[[ Dataset section open ]]
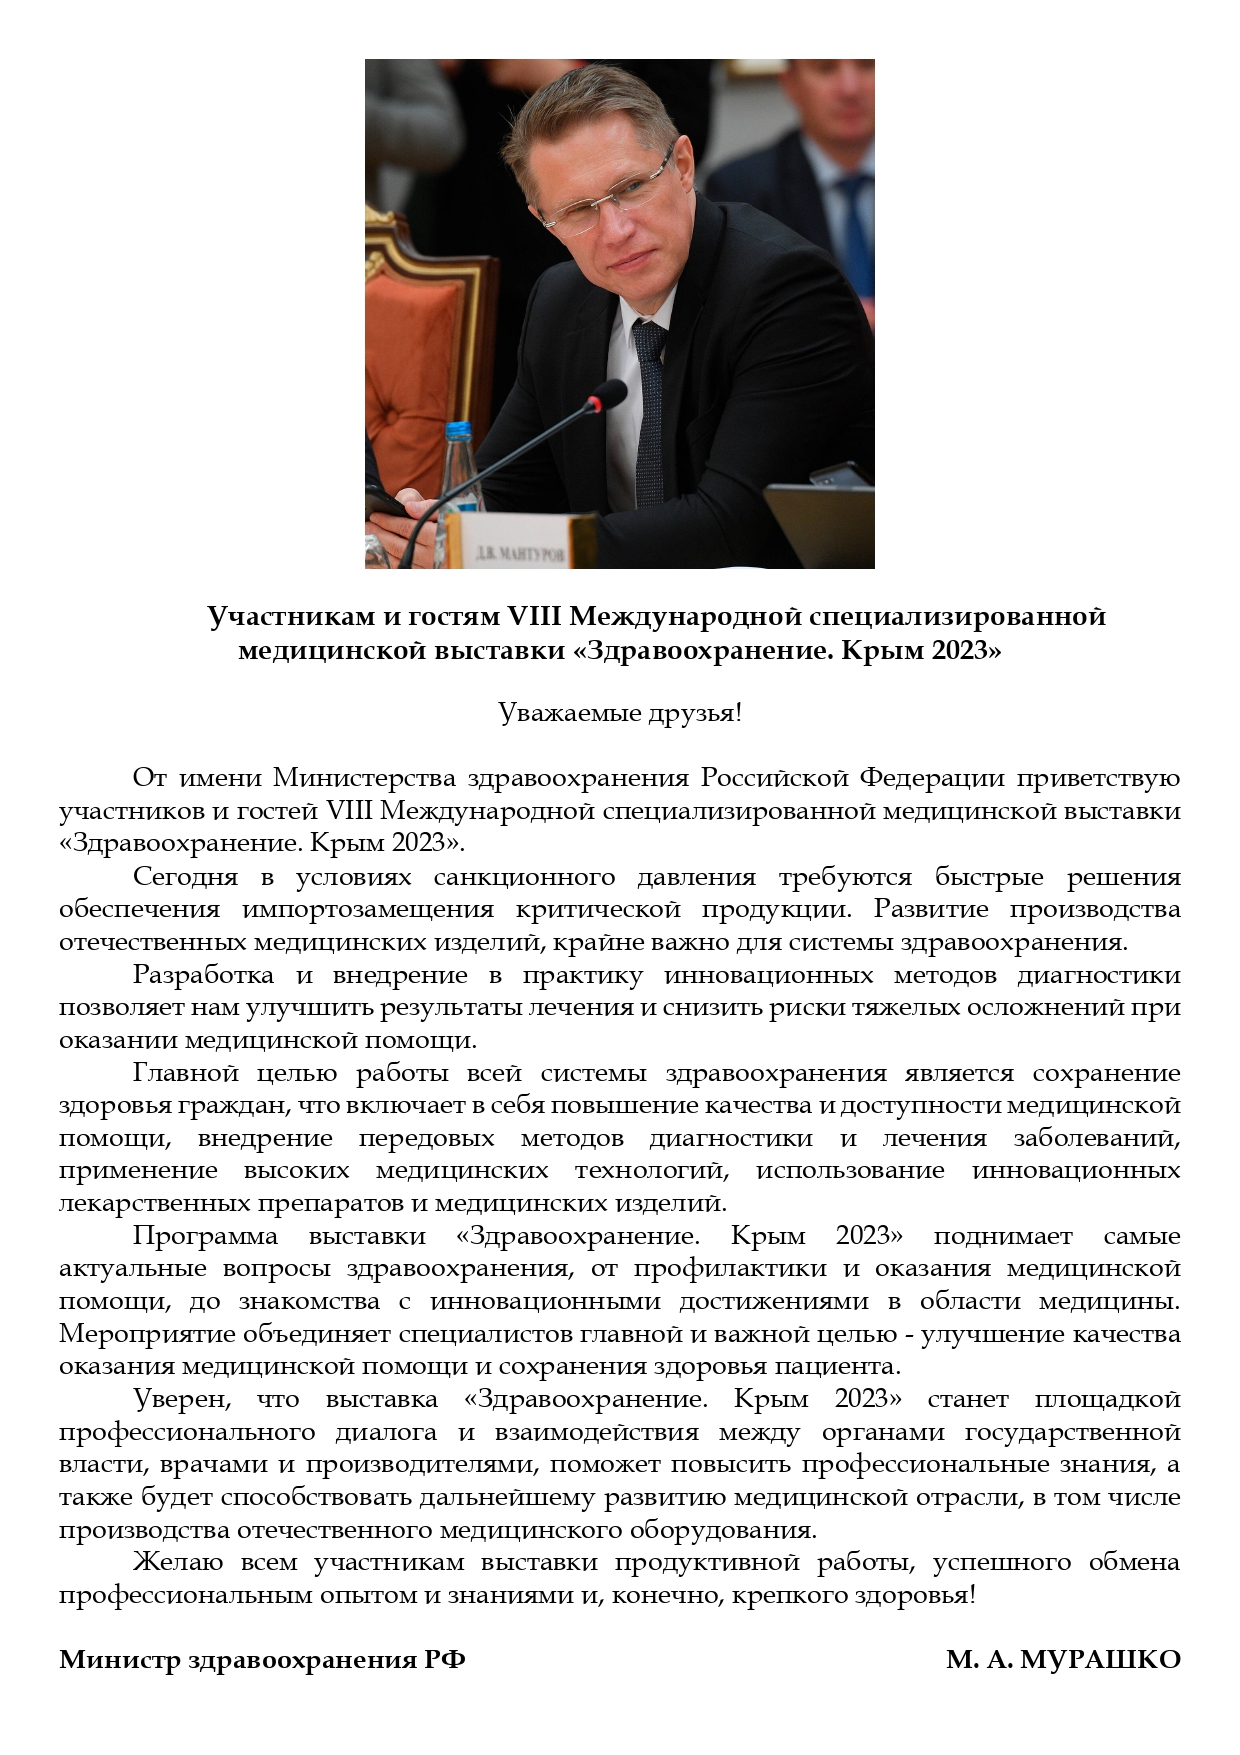 Приветствие Министра здравоохранения РФ к выставке "Здравоохранение. Крым 2023"
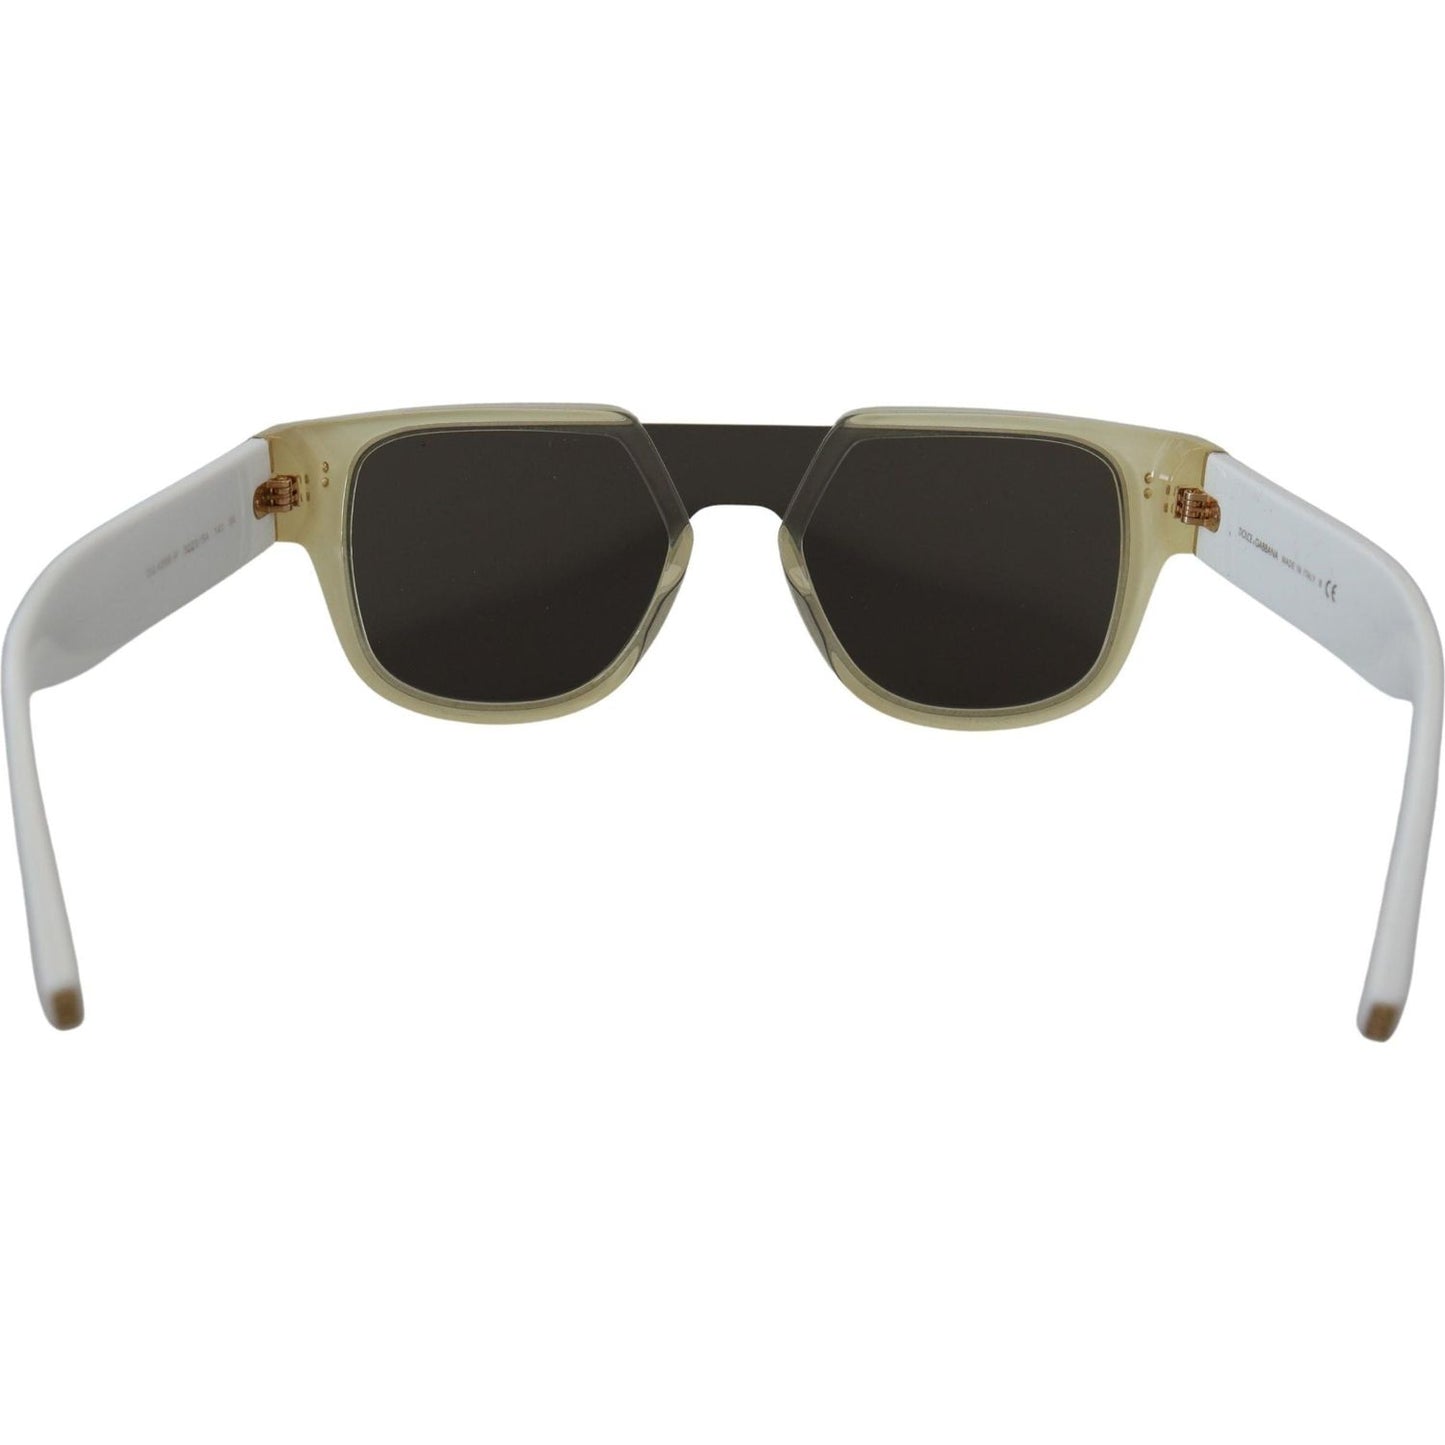 Dolce & Gabbana Elegant White Acetate Sunglasses for Women white-acetate-full-rim-frame-shades-dg4356f-sunglasses IMG_4038-scaled-3affdd90-e0f.jpg
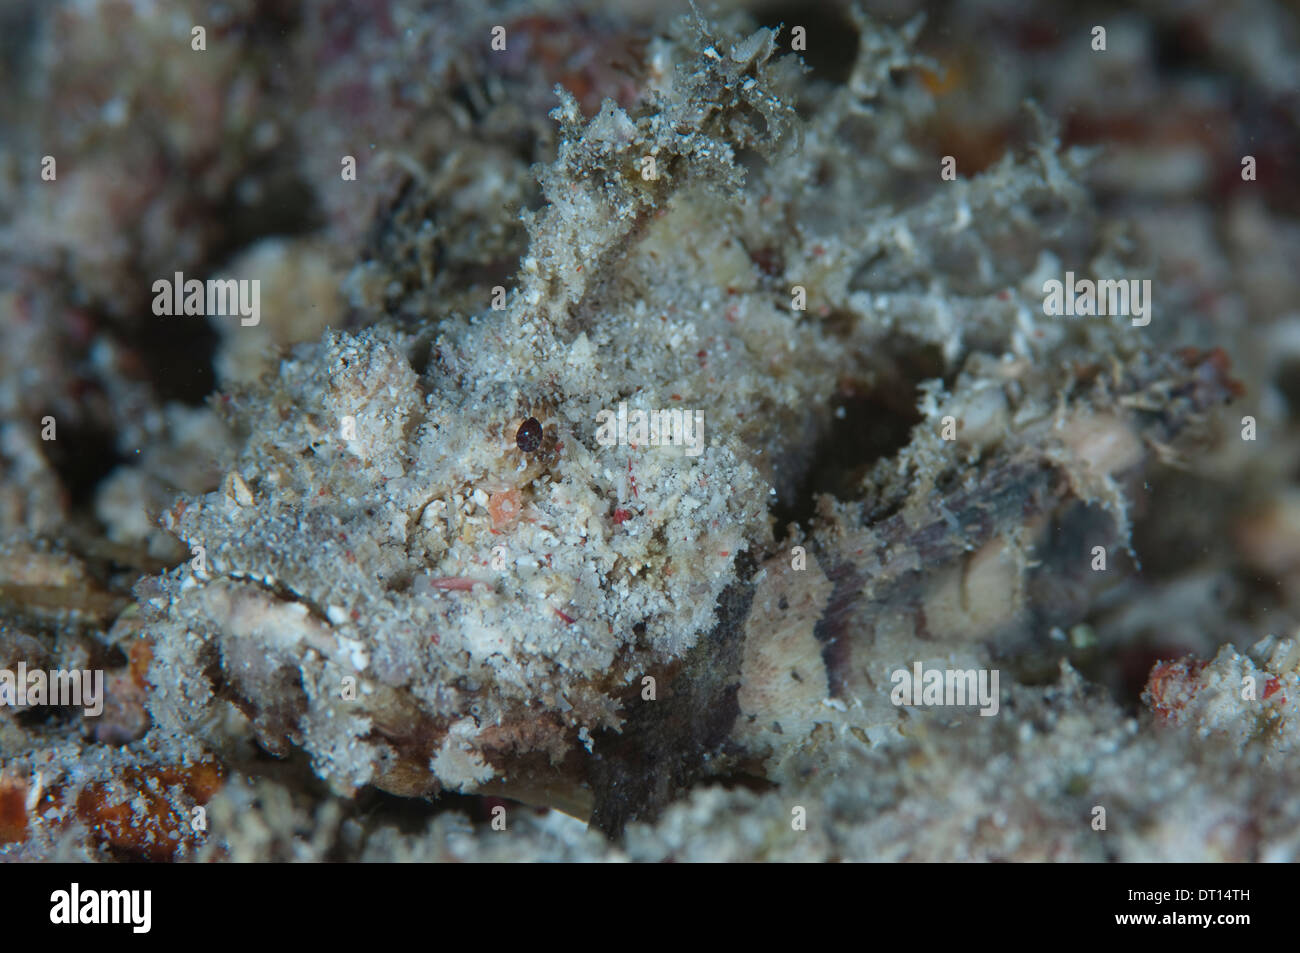 Stachelige Devilfish, Inimicus Didactylus, Nahaufnahme von getarnten Individuum, Halmahera, Molukken, Indonesien Stockfoto
[[ Dataset section closed ]]
What to work on — Begin with the line that contains "Dolce & Gabbana" and copy every line through the end of the listing, exactly as written, both ends included. Pictures are not part of the copy.

Answer to this task —
 Dolce & Gabbana Elegant White Acetate Sunglasses for Women white-acetate-full-rim-frame-shades-dg4356f-sunglasses IMG_4038-scaled-3affdd90-e0f.jpg
 Stachelige Devilfish, Inimicus Didactylus, Nahaufnahme von getarnten Individuum, Halmahera, Molukken, Indonesien Stockfoto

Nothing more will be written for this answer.